64. Chapter 64 Margot
Chapter sixty-four
“Aren’t you just a princess in pink?” Marco teases, immediately clocking that I’ve walked into the New York office wearing my signature color for the first time ever.
“Yes, yes, get all your little digs in.” I laugh, twirling around in my voluminous skirt and showing off the bow holding back half of my voluminous curls.
I haven’t felt this much like myself in years, and I know exactly who makes me feel safe enough to shed my outer boss bitch veneer that I grew in Paris.
Marco makes a show of slowly circling me before stopping in front of me and pulling me into a crushing hug. “You look amazing, cara. You’re glowing. I hope he’s treating you right.”
Sighing, I try to keep the hearts out of my eyes as I bring Marco up to speed on what exactly I’ve been up to since I’ve been spending less time in the office.
Although I’ve been designing from home or Jack’s apartment, I haven’t really had the discipline to come in and take any in-person meetings.
My little love bubble hasn’t popped, and it’s tempting to stay within it forever.

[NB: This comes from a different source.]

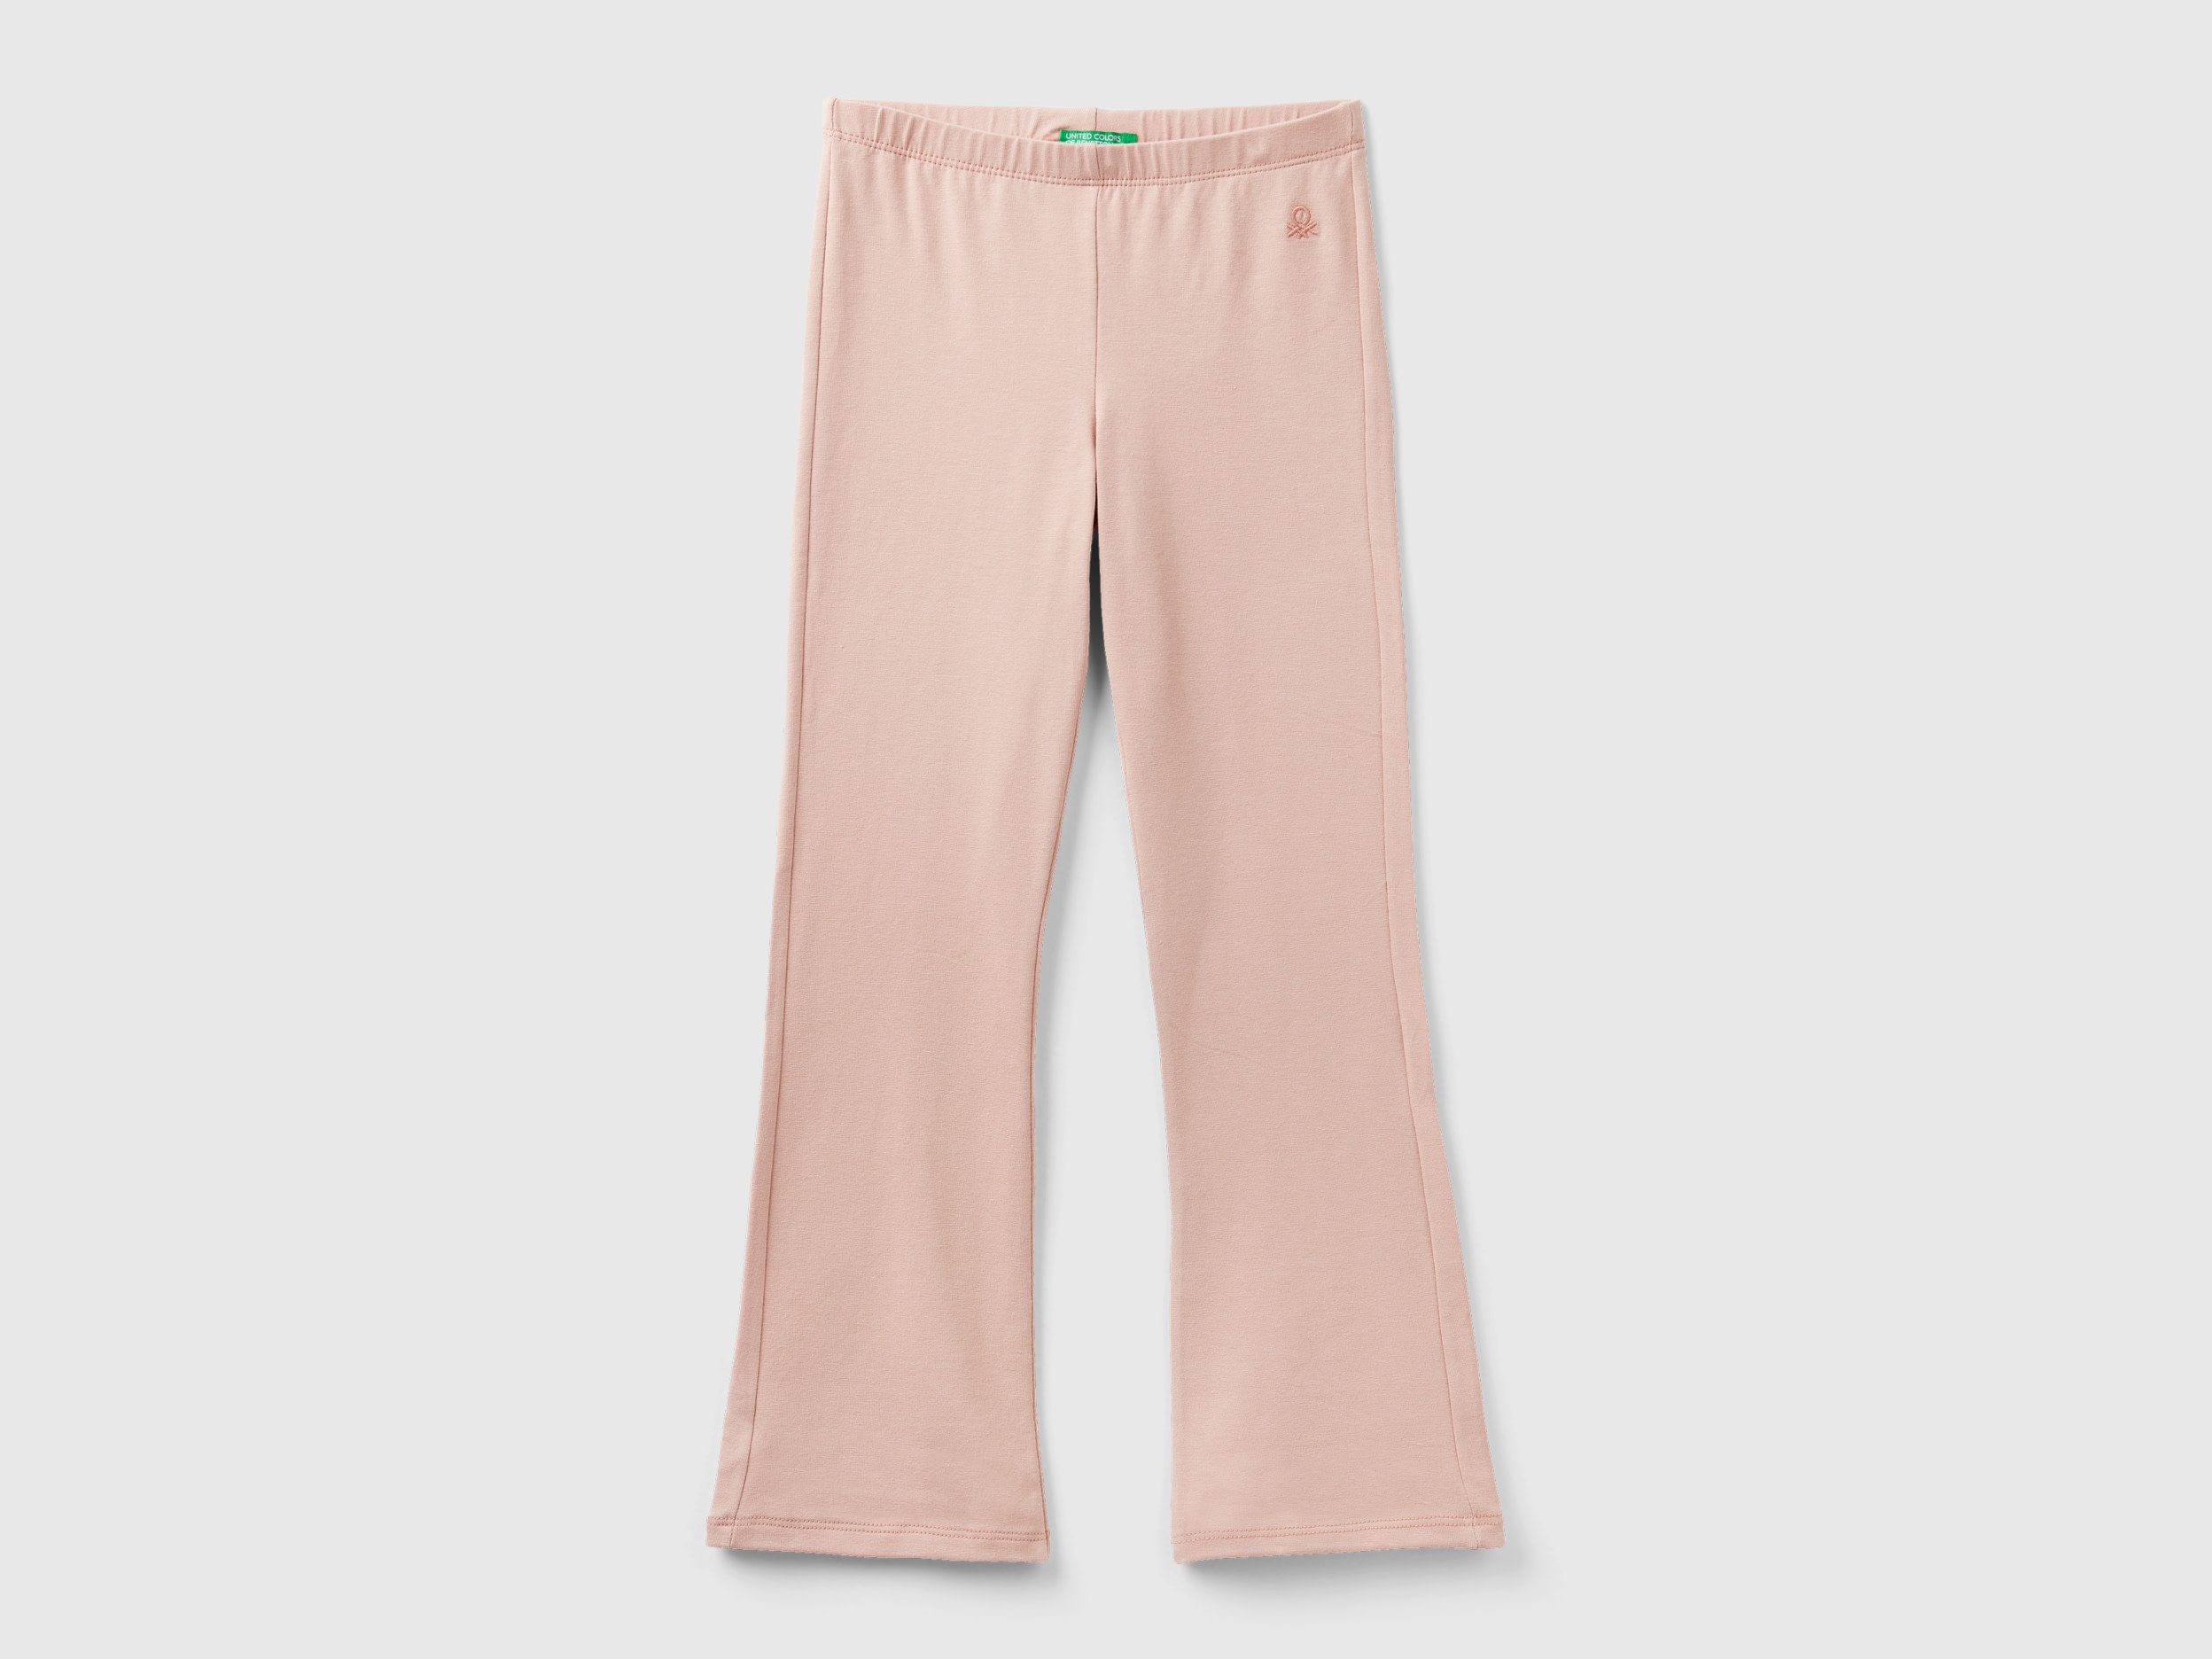 Benetton, Flared Leggings In Stretch Cotton, size S, Nude, Kids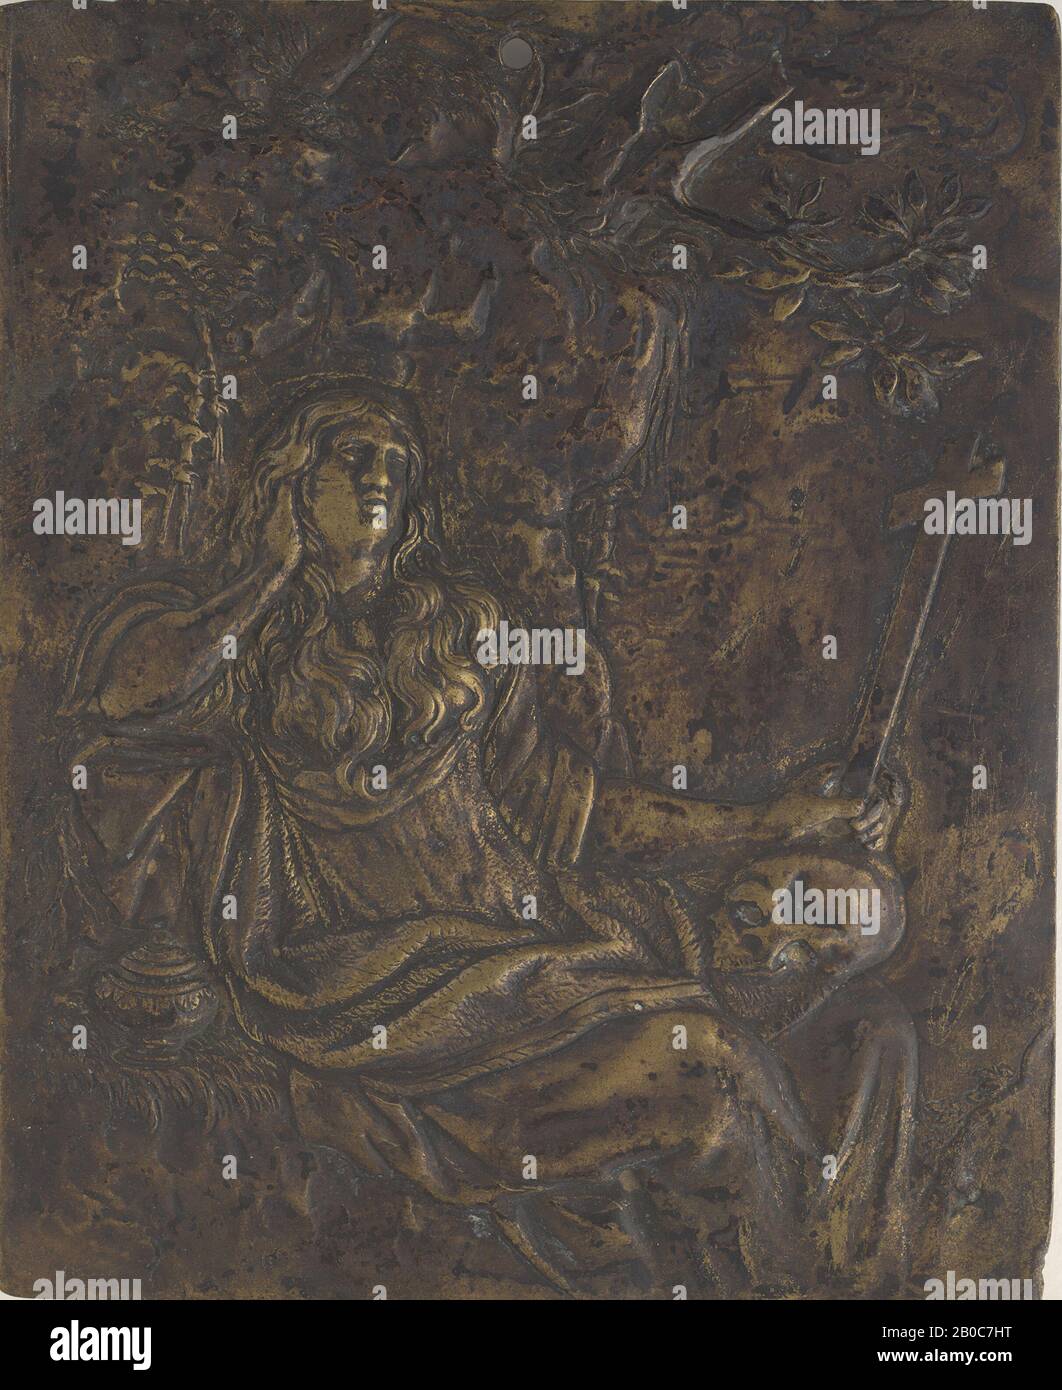 Unknown Artist, The Repentant Magdalene, n.d., bronze, 5 13/16 in. x 4 3/4 in. (14.7 cm. x 12 cm.) Stock Photo

Our dates, lazy days at home, plans for a quick trip to check on the Paris store next week…
by the time I’m done, Marco has hearts in his eyes, too.
“I do need to get back to Pilates class, though. If I start losing flexibility at this point, I’m likely to injure myself…” I trail off as one of the new PAs comes blustering in, dropping a file folder and flinging paperwork everywhere.
“Sorry, ma’am, Mr. Franco is on the line regarding the Milan meeting later. He asked if you would be able to move it up an hour,” she wheezes, and I try to make my face as neutral as possible so I don’t scare her any further.
“Yes, that’s fine. Move it up.” I wave a hand to dismiss her as Marco eyes me critically. “What? I don’t care. If we start an hour earlier, maybe I can be home sooner.”
He gathers his coffee and briefcase before coming to kiss both my cheeks.
“You know I love you, Margot, and I will always give it to you straight. It’s okay if you don’t want to be here as much.
We can run this office just as well as London and Paris, and as long as you keep the collections fresh and keep innovating, you can work from home as much as you want. Just something to think about.”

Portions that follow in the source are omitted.